## Data

________________________________________

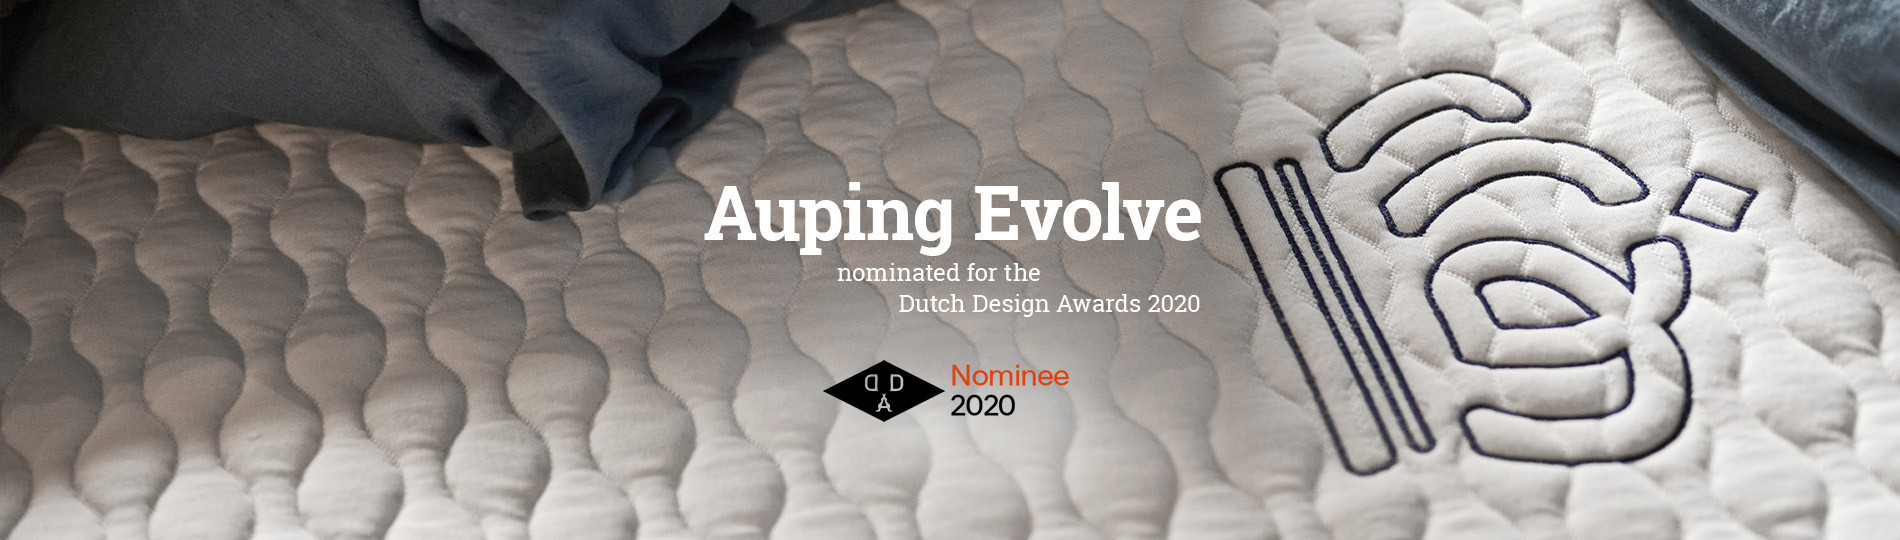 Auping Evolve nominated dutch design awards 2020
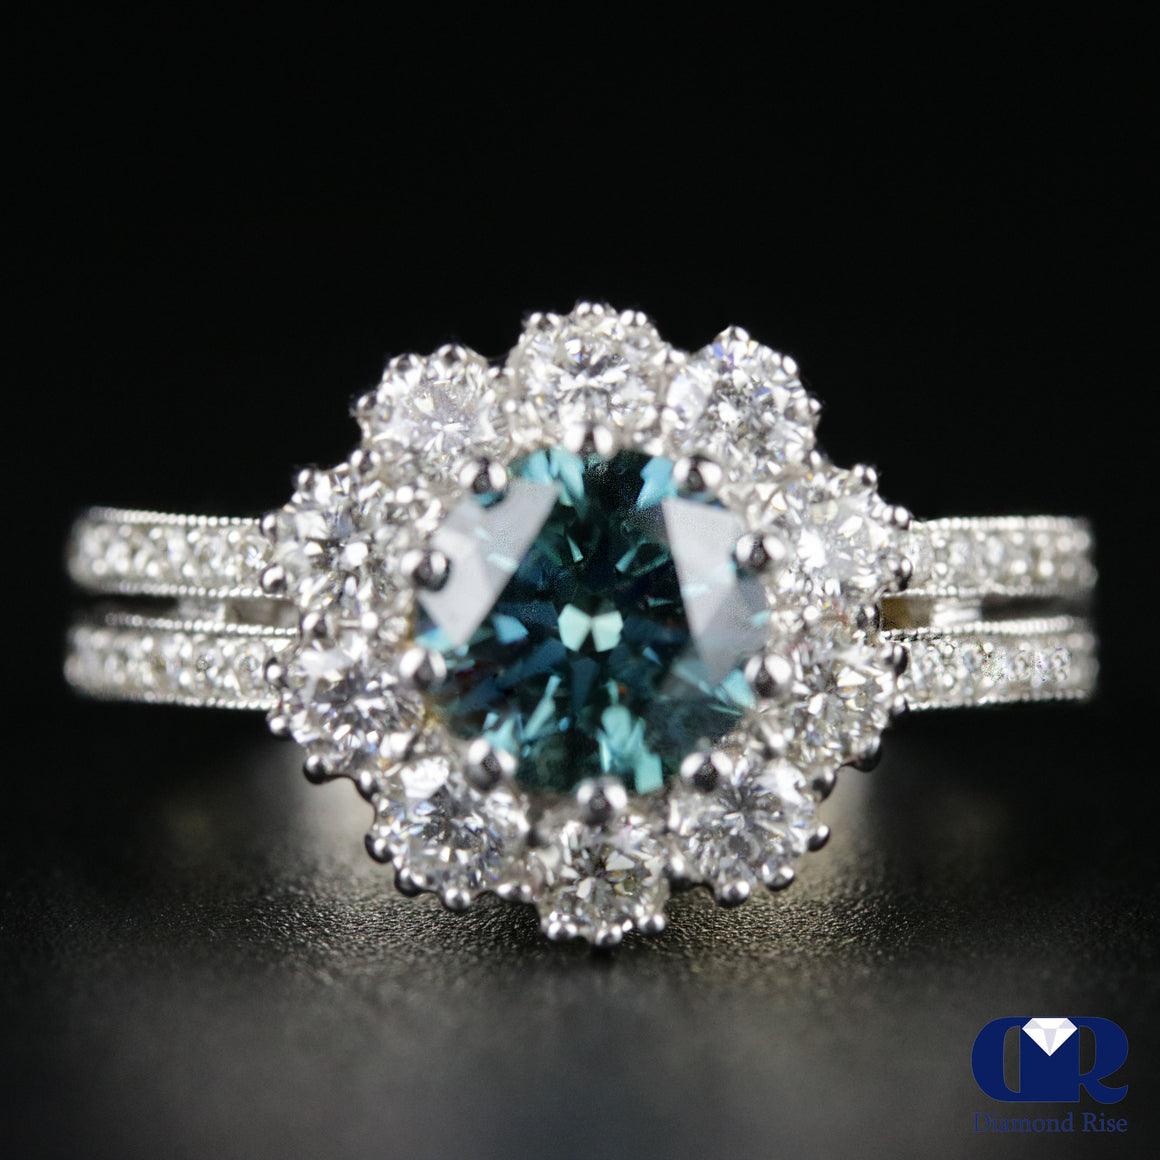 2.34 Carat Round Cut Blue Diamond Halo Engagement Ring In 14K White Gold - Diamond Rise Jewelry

________________________________________

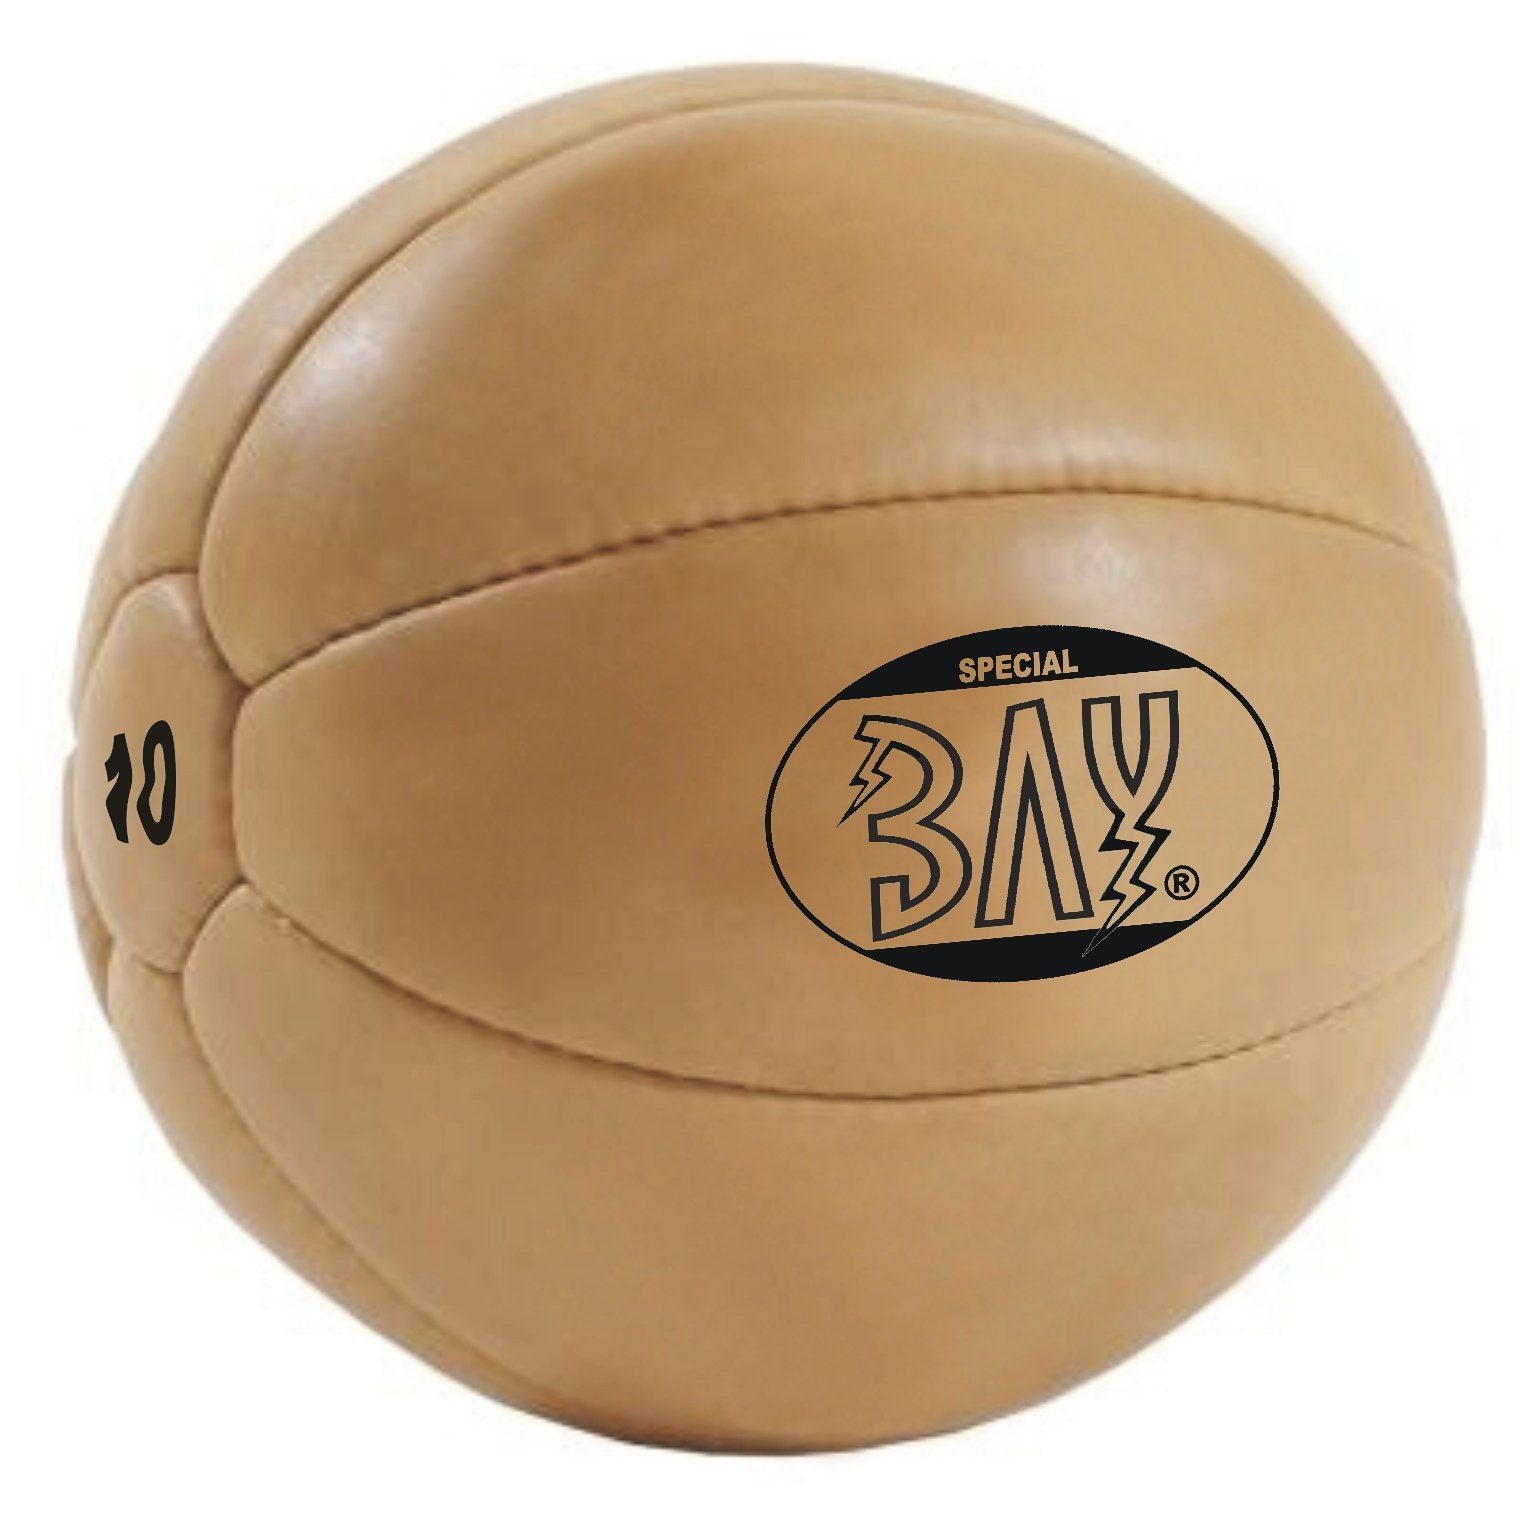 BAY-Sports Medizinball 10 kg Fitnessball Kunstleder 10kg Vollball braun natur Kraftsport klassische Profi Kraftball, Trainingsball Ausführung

________________________________________

## What is expected
In the data above, find the line containing "Auping Evolve nominated" and the line containing "2.34 Carat Round". Repeat those two lines and everything between them exactly, minus the pictures.

## Response to the exercise
 Auping Evolve nominated dutch design awards 2020
 2.34 Carat Round Cut Blue Diamond Halo Engagement Ring In 14K White Gold - Diamond Rise Jewelry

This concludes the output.